如何使用 python 从 xml 中高效提取 <![CDATA[]> 内容？

Question

如何使用 python 从 xml 中高效提取 <![CDATA[]> 内容？

new*_*hon 3 python xml lxml python-2.7 pandas

我有以下 xml：

<?xml version="1.0" encoding="UTF-8" standalone="no"?><author id="user23">
    <document><![CDATA["@username: That boner came at the wrong time ???? http://t.co/5X34233gDyCaCjR" HELP I'M DYING       ]]></document>
    <document><![CDATA[Ugh      ]]></document>
    <document><![CDATA[YES !!!! WE GO FOR IT. http://t.co/fiI23324E83b0Rt       ]]></document>
    <document><![CDATA[@username Shout out to me????        ]]></document>
</author>

Run Code Online (Sandbox Code Playgroud)

解析内容并将其提取<![CDATA[到]]>列表中的最有效方法是什么。比方说：

[@username: That boner came at the wrong time ???? http://t.co/5X34233gDyCaCjR" HELP I'M DYING      Ugh     YES !!!! WE GO FOR IT. http://t.co/fiI23324E83b0Rt      @username Shout out to me????       ]

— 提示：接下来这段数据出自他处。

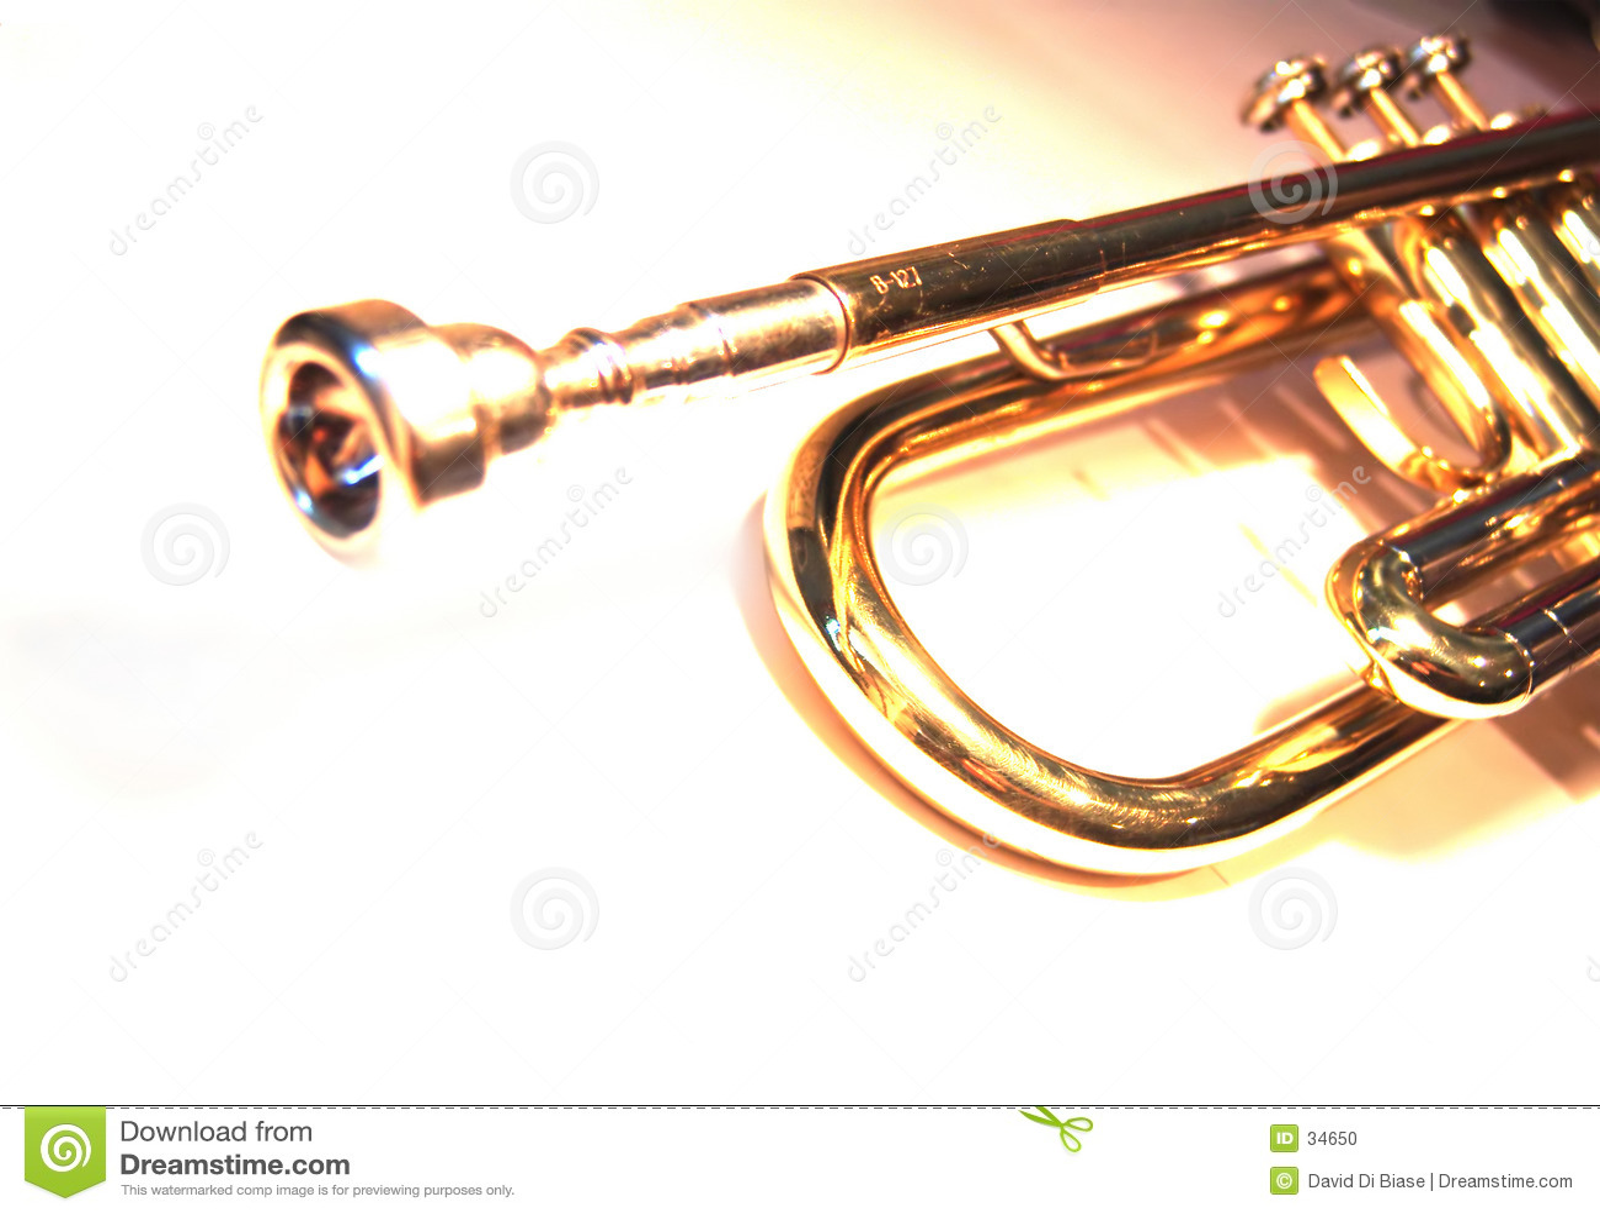 Bb Trumpet

Run Code Online (Sandbox Code Playgroud)

这是我尝试过的：

from bs4 import BeautifulSoup
x='/Users/user/PycharmProjects/TratandoDeMejorarPAN/test.xml'
y = BeautifulSoup(open(x), 'xml')
out = [y.author.document]
print out

Run Code Online (Sandbox Code Playgroud)

这是输出：

[<document>"@username: That boner came at the wrong time ???? http://t.co/5XgDyCaCjR" HELP I'M DYING        </document>]

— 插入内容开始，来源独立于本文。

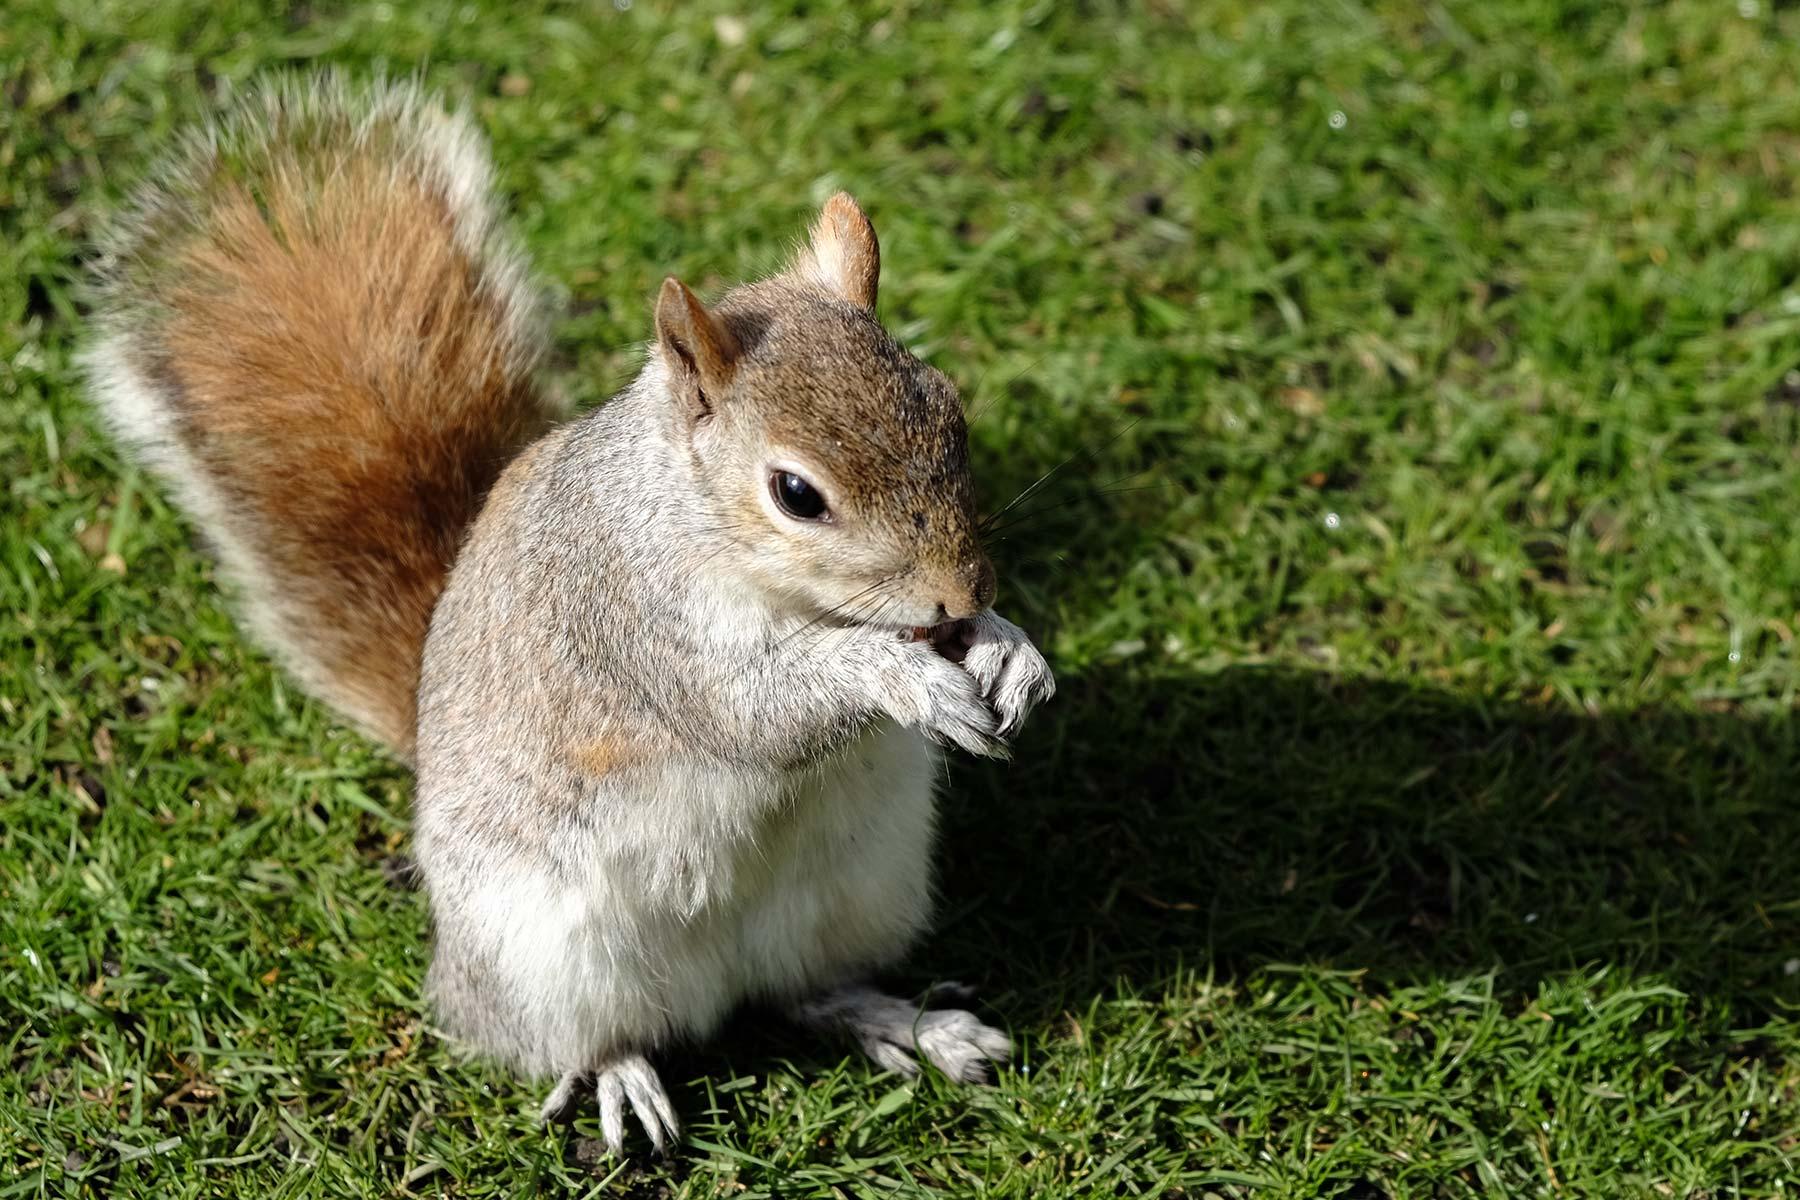 Eichhörnchen im St. James Park in London, England

Run Code Online (Sandbox Code Playgroud)

此输出的问题是我不应该得到<document></document>. 如何删除<document></document>标签并获取列表中该 xml 的所有元素？

Answer 1

Cha*_*ffy 5

这里有几个问题。（询问有关选择图书馆的问题违反了这里的规则，所以我忽略了问题的这一部分）。

您需要传入文件句柄，而不是文件名。

那是：y = BeautifulSoup(open(x))
您需要告诉 BeautifulSoup 它正在处理 XML。

那是：y = BeautifulSoup(open(x), 'xml')
CDATA部分不创建元素。你无法在 DOM 中搜索它们，因为它们不存在于 DOM 中；它们只是语法糖。只需查看正下方的文本document，不要尝试搜索名为的内容CDATA。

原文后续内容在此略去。